Now with a domain under your own control, you can use CNAME records in other zones to point at your zones and if you have dynamic DNS support on your zones (RFC 2136) then you can now support ACME ie Lets Encrypt and Zerossl and co.

Sadly certbot doesn't do (or it didn't) CNAME redirects for ACME. However, acme.sh and simple-acme do and both are absolutely rock solid. Both of those projects are used by a lot of people and well trod.

acme.sh is ideal for unix gear and if you follow this blokes method of installation: https://pieterbakker.com/acme-sh-installation-guide-2025/ usefully centralised.

simple-acme is for Windows. It has loads of add on scripts to deal with scenarios. Those scripts seem to be deprecated but work rather well. Quite a lot of magic here that an old school Linux sysadmin is glad of.

PowerDNS auth server supports dynamic DNS and you can filter access by IP and TSIG-KEY, per zone and/or globally.

Join the dots.

[EDIT: Speling, conjunction switch]

I think CNAME redirections being not supported is reasonable choice. Would make my life easier as well but it opens all kinds of bad possibilities that bad actors would definitely use.
> Sadly certbot doesn't do (or it didn't) CNAME redirects for ACME.

Are you certain? Not at a real machine at the moment so hard for me to dig into the details but CNAMEing the challenge response to another domain is absolutely supported via DNS-01 [0] and certbot is Let's Encrypt's recommended ACME client: [1]

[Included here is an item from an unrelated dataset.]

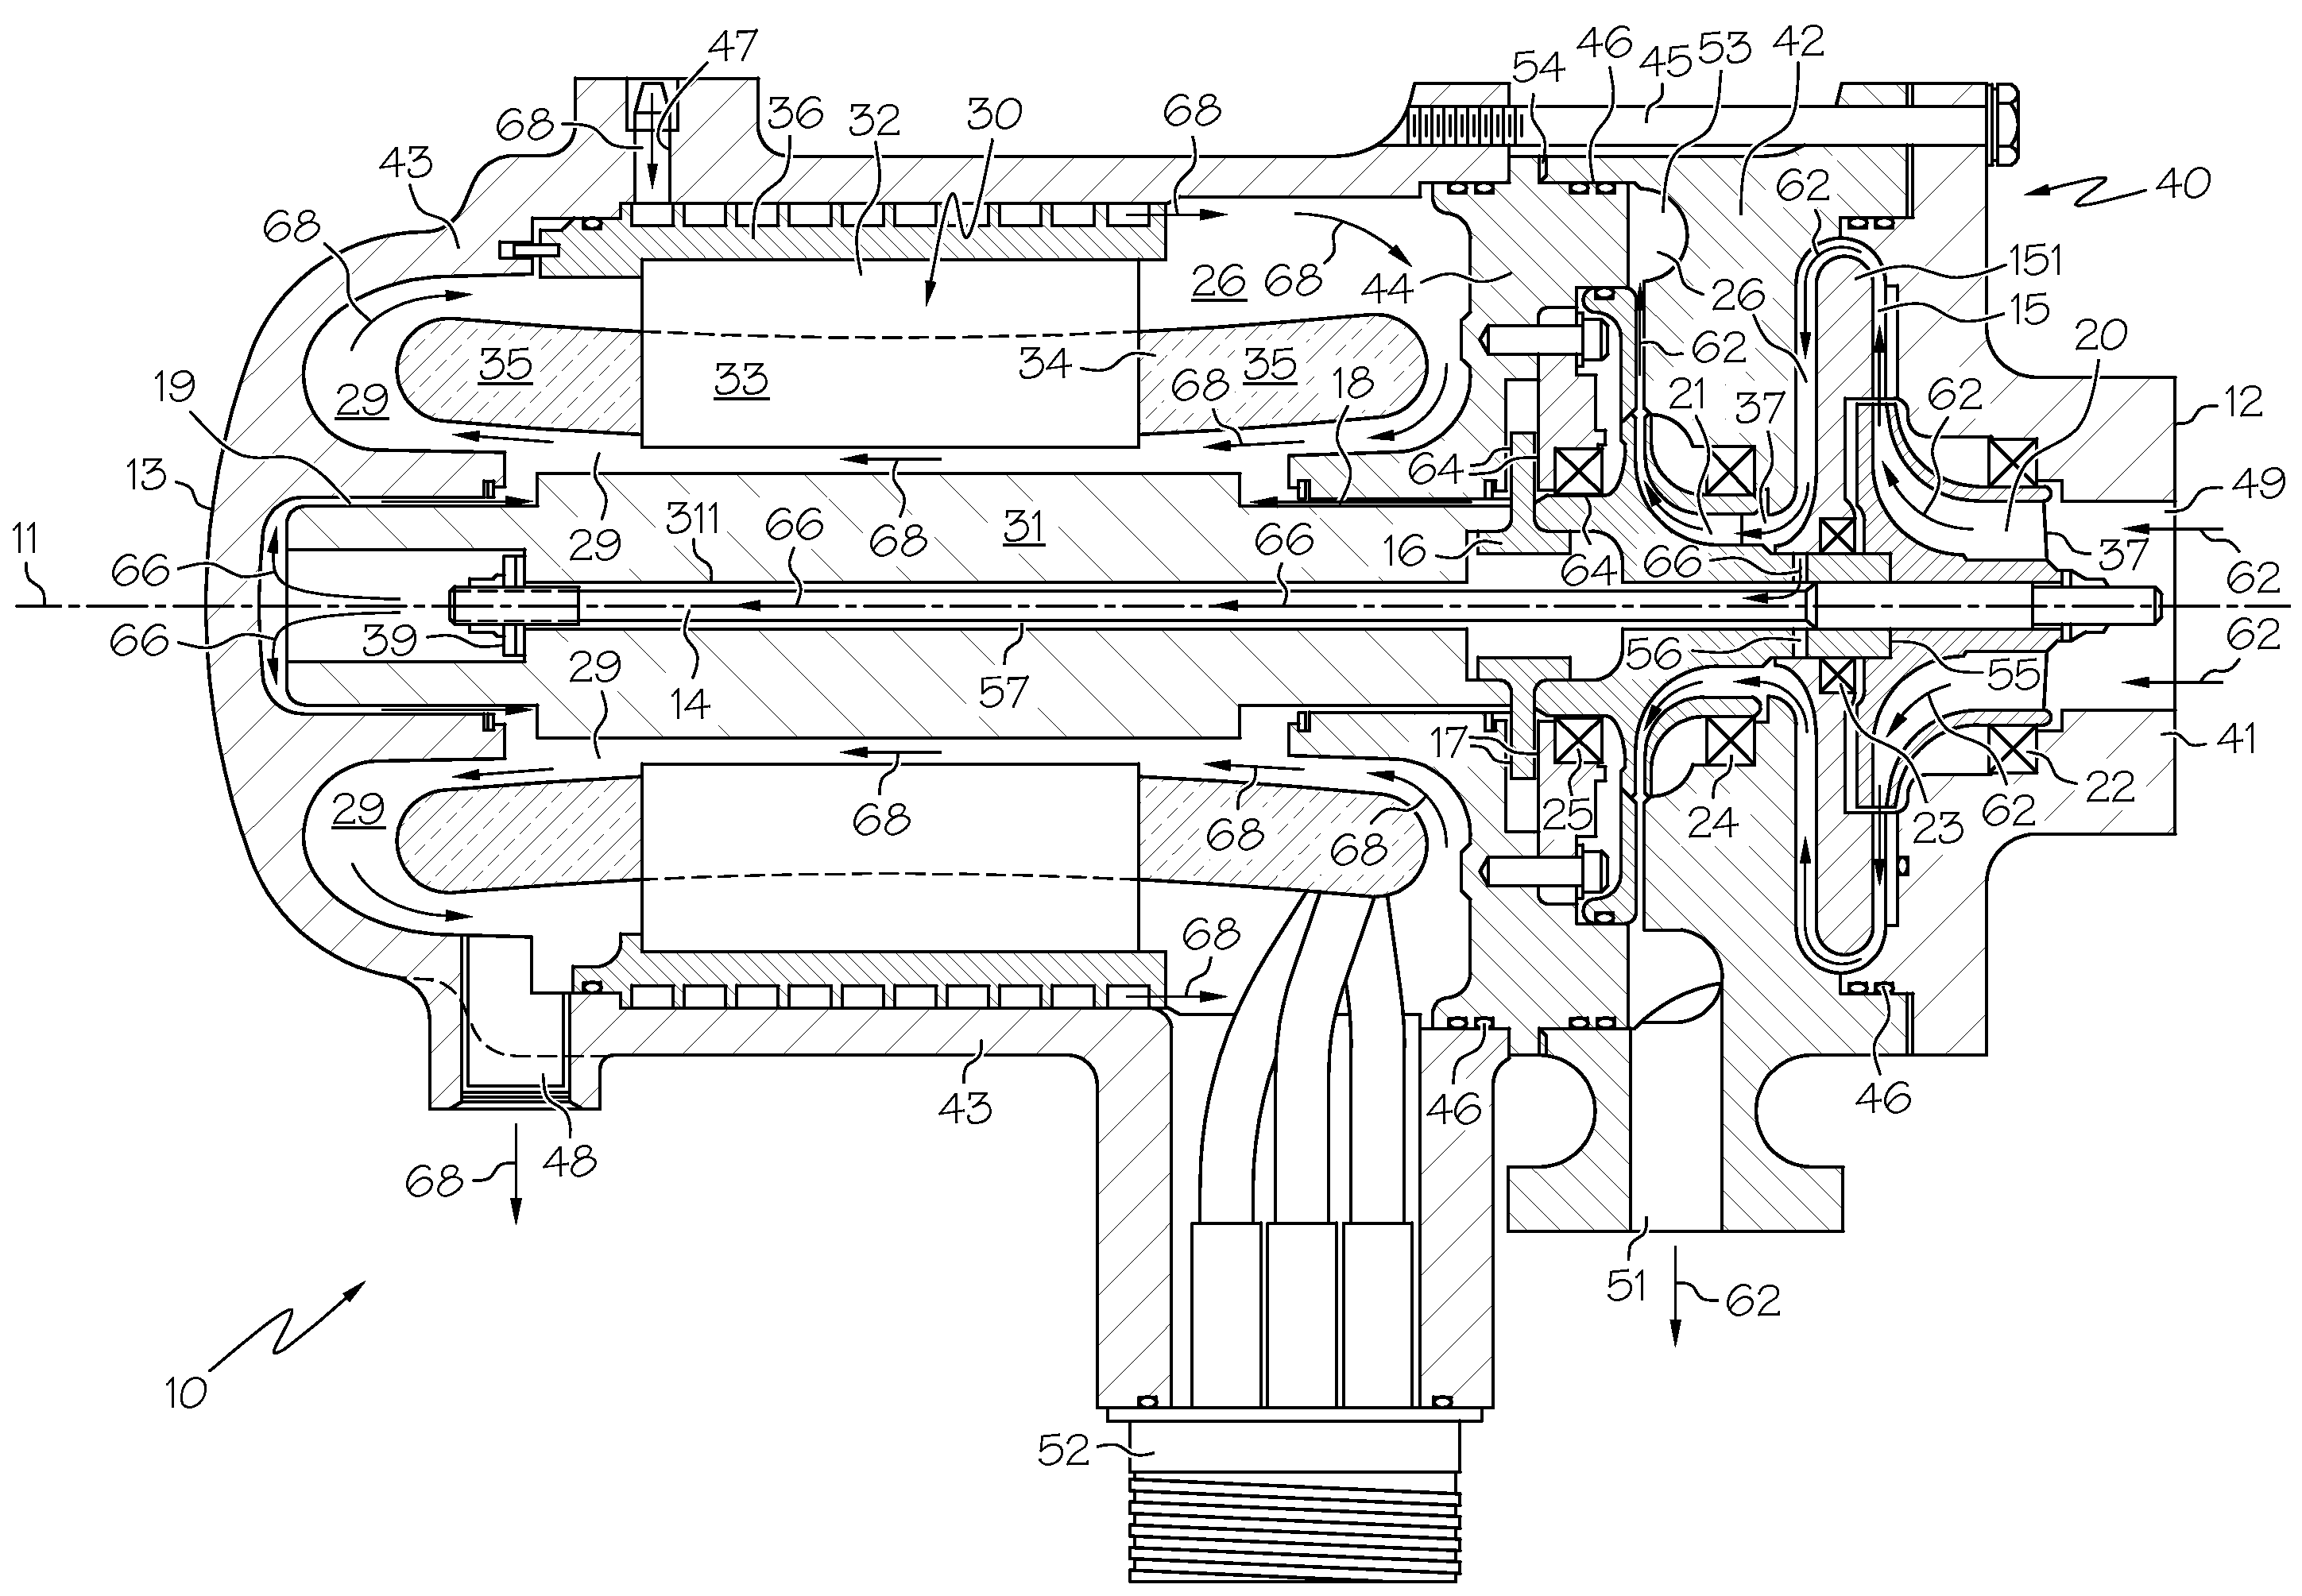 Two-stage vapor cycle compressor

    Since Let’s Encrypt follows the DNS standards when
    looking up TXT records for DNS-01 validation, you can
    use CNAME records or NS records to delegate answering
    the challenge to other DNS zones. This can be used to
    delegate the _acme-challenge subdomain to a validation
    specific server or zone.
... which is a very common pattern I've seen hundreds (thousands?) of times.

The issue you may have run into is that CNAME records are NOT allowed at the zone apex, for RFC 1033 states:

   The CNAME record is used for nicknames. [...] There must not be any other
   RRs associated with a nickname of the same class.
... of course making it impossible to enter NS, SOA, etc. records for the zone root when a CNAME exists there.

P.S. doing literally fucking anything on mobile is like pulling teeth encased in concrete. Since this is how the vast majority of the world interfaces with computing I am totally unsurprised that people are claiming 10x speedups with LLMs.

[0] https://letsencrypt.org/docs/challenge-types/

[1] https://letsencrypt.org/docs/client-options/

I prefer and use the knot DNS server for authoritative DNS (and either knot-resolver or Unbound for caching DNS servers) myself: it is quite feature-rich, including DNSSEC, RFC 2136 support, an easy master-slave setup. Apparently it does support database-based configuration and zone definitions, too, but I find file-based storage to be simpler.
Running DNSMasq on an old RasPI & USB SSD. No problems no issues. Just quietly runs in the background.
I'd like to run my personal DNS server for privacy reasons on a cheap VPS. But how can I make it available to me only? There's no auth on DNS, right?
Let me address a sibling comment first:

stub resolver (client) -> OPTIONAL forwarding resolver (server) -> recursing / caching resolver (server) -> authoritative server. "Personal DNS server" doesn't disambiguate whether your objective is recursive or authoritative... or both (there is dogma about not using the same server for both auth and recursion, if you're not running your resource as a public benefit you can mostly ignore it). If it's recursive I don't know why you'd run it in the cloud and not on-prem.

You'll find that you can restrict clients based on IP address, and you can configure what interfaces / addresses the server listens on. The traditional auth / nonrepudiation mechanism is TSIG, a shared secret. Traditionally utilized for zone transfers, but it can be utilized for any DNS request.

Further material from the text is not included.